The psychophysiological interaction (PPI) and functional connectivity lateralization index (FCLI) regions of bilateral DLPFCs during Stroop task. (a) The total PPI effects of bilateral DLPFCs; (b) the PPI results of left DLPFC; (c) the PPI results of right DLPFC; (d) the FCLI map showed the DLPFC's interactions with other cerebral regions had left lateralization in visual areas V1 and V2. Note that, because of the FCLI algorithm, the results were hemispherical mirrored. The positive FCLI meant the DLPFC's interaction with V1 and V2 was left lateralized. (e) The bars show each lateral DLPFC's averaged PPI beta weights (i.e., 1.13 and 0.67 for lDLPFC and rDLPFC, respectively) in the 6 mm radius spherical ROIs of bilateral V1 and V2 (MNI coordinate: ±21, −58, 1). The error bar shows the 95% confidence interval (CI), that is, lower bound 0.90 and upper bound 1.36 for lDLPFC and lower bound 0.44 and upper bound 0.90 for rDLPFC, respectively (Cousineau, 2005) [Color figure can be viewed at http://wileyonlinelibrary.com]

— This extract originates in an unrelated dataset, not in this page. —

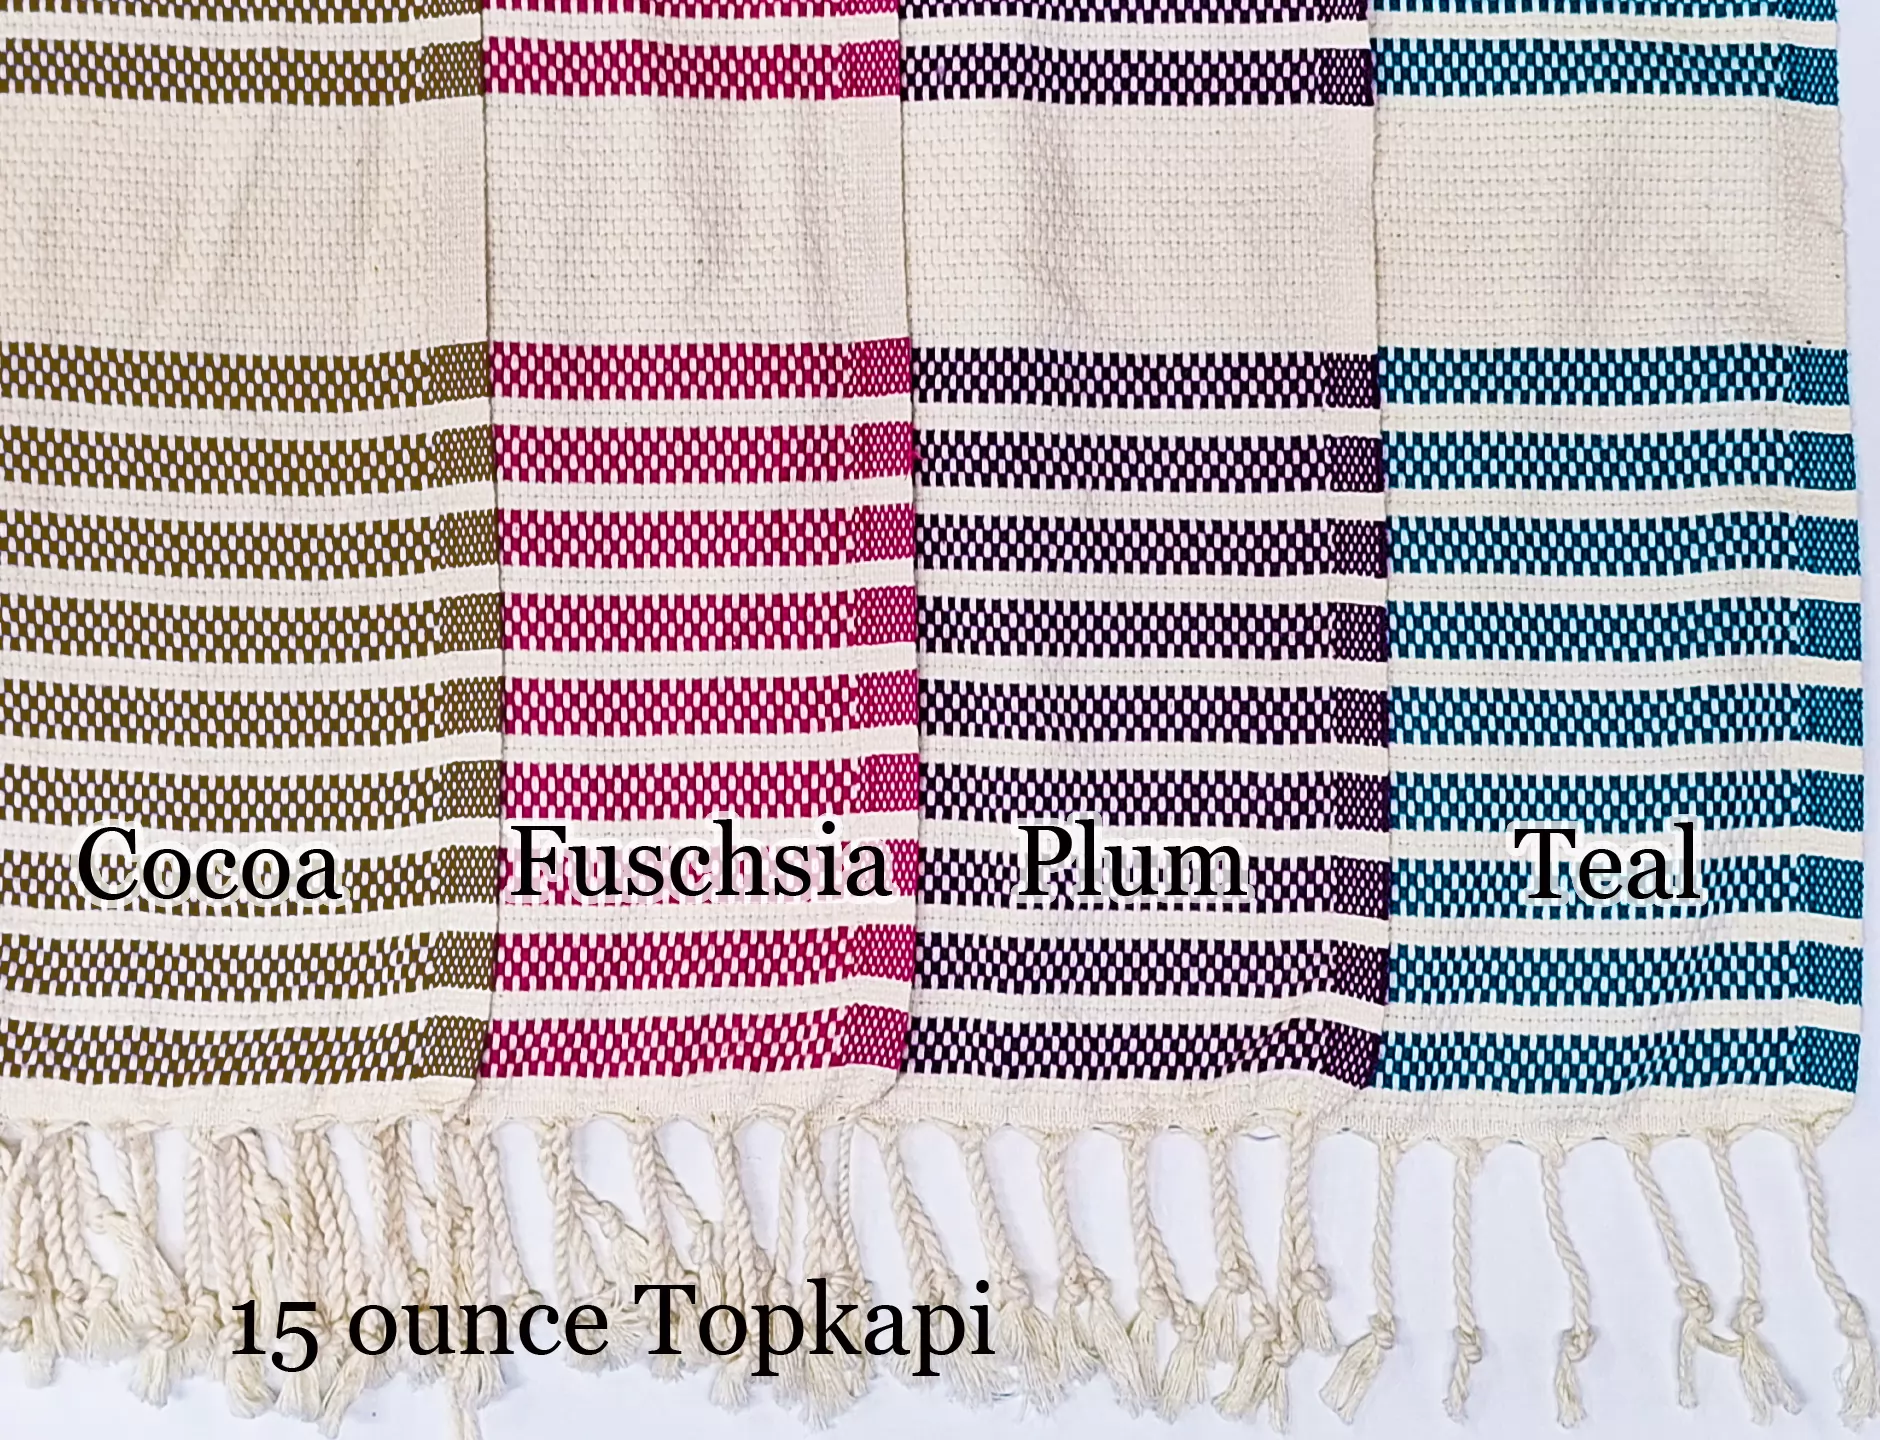 Zebrine Turkish Bath Towel, Travel Peshtemal / Sarong Cotton Towels, Turkish  Towel, Turkish Towels, Turkish Bath Towels 
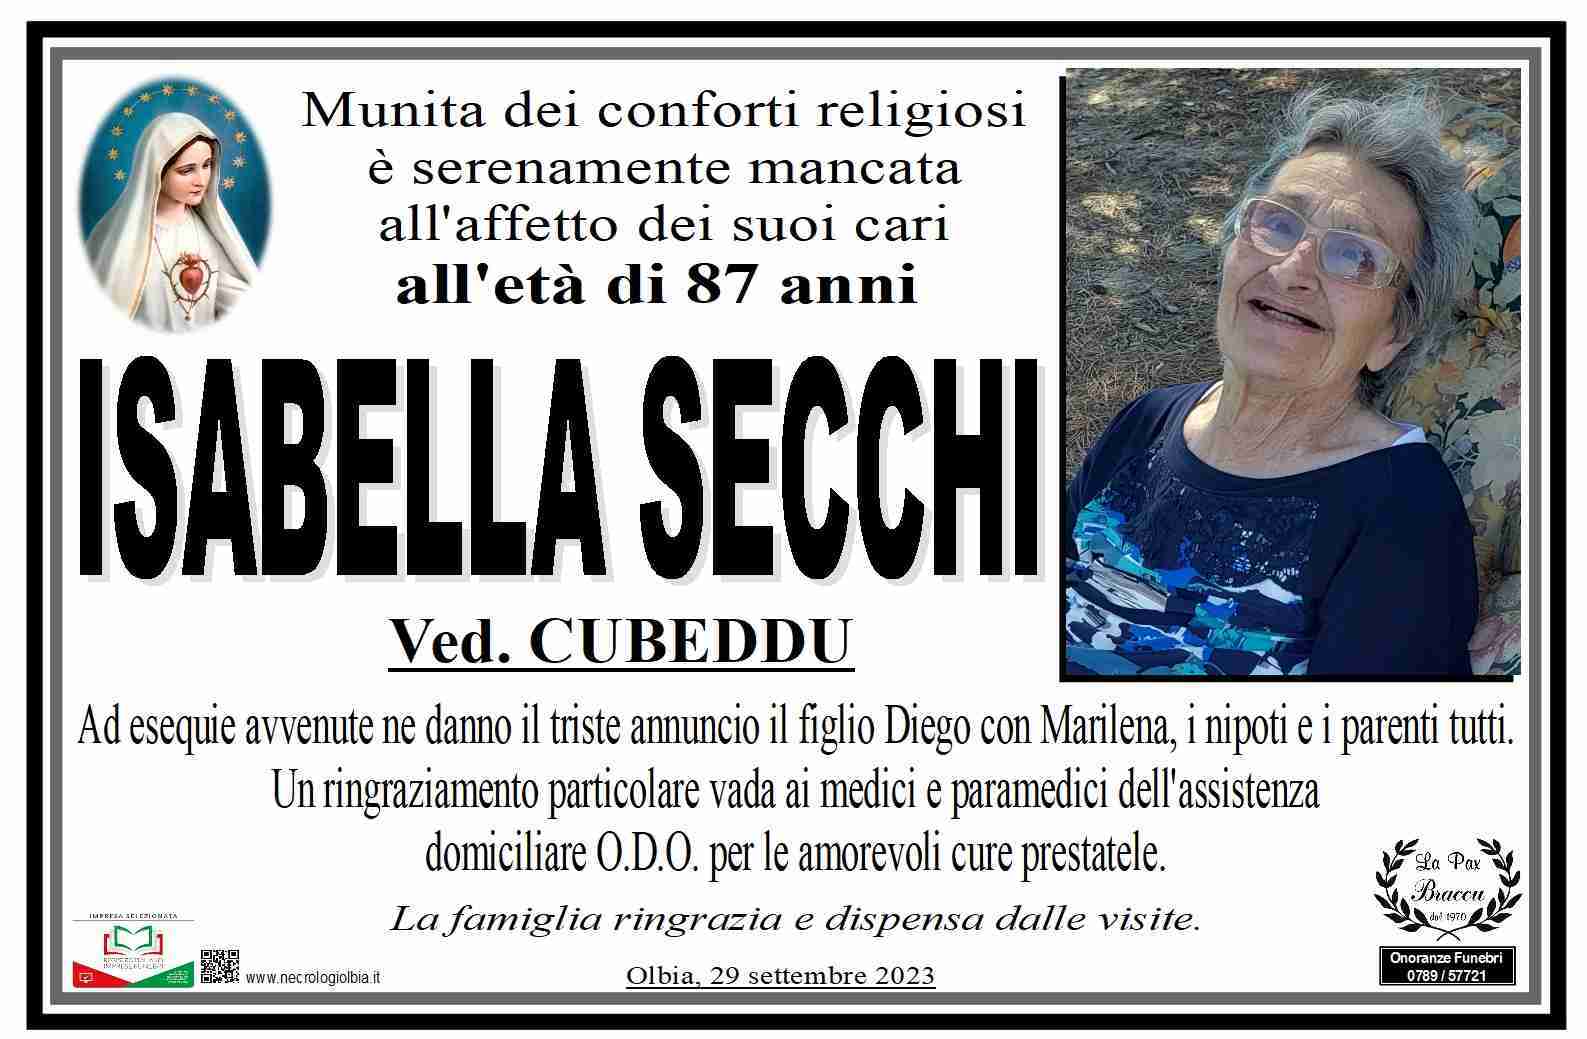 Isabella Secchi

The common PPIs of bilateral DLPFCs were calculated using conjunction analyses based on the conjunction null hypothesis to reveal bilateral DLPFCs’ symmetric interactions with other brain regions (Friston et al., 2005; Nichols et al., 2005). The conjunction results were corrected using a small volume correction within the intersection of the above‐mentioned visual cortex mask and the regions of the total PPI effects (p < .001 voxel‐wise and p < .05 cluster‐wise FWE correction). In addition, the PPI beta values were extracted from 6 mm radius spherical ROIs of maximum FCLI and conjunction peak coordinates for each lateral DLPFC to intuitively present the PPI differences between the bilateral DLPFCs connectivity under the Stroop and flanker tasks.
3. RESULTS
3.1. Behavioral Stroop and flanker interference effects
For the Stroop task, the average response time of CO was significantly faster (t[22] = 5.48, p < .001) and more accurate (t[22] = 3.22, p < .01) than that of IC (reaction time [CO vs. IC], accuracy [CO vs. IC] respectively), indicating the existence of Stroop interference effect. For the flanker task, the average response time of CO was also significantly faster (t[34] = 16.05, p < .001) and more accurate (t[34] = 5.54, p < .001) than that of IC, indicating the existence of flanker interference effect. The behavioral descriptive statistics for these tasks were presented in Table 1.
Table 1.
Behavioral descriptive statistics for Stroop and flanker tasks
| Task types | Congruency | Incongruency |
|---|---|---|
| Stroop | ||
| Response time/CI (ms) | 604 [593, 616] | 665 [653, 676] |
| Accuracy/CI (%) | 95.20 [94.21, 96.19] | 93.00 [92.00, 93.98] |
| Interference effect/CI (ms) | 60 [49, 72] | |
| Flanker | ||
| Response time/CI (ms) | 493 [488, 498] | 569 [564, 574] |
| Accuracy/CI (%) | 98.93 [98.09, 99.76] | 94.40 [93.59, 95.26] |
| Interference effect/CI (ms) | 76 [71, 81] | |
CI = lower and upper bound of 95% confidence interval (Cousineau, 2005).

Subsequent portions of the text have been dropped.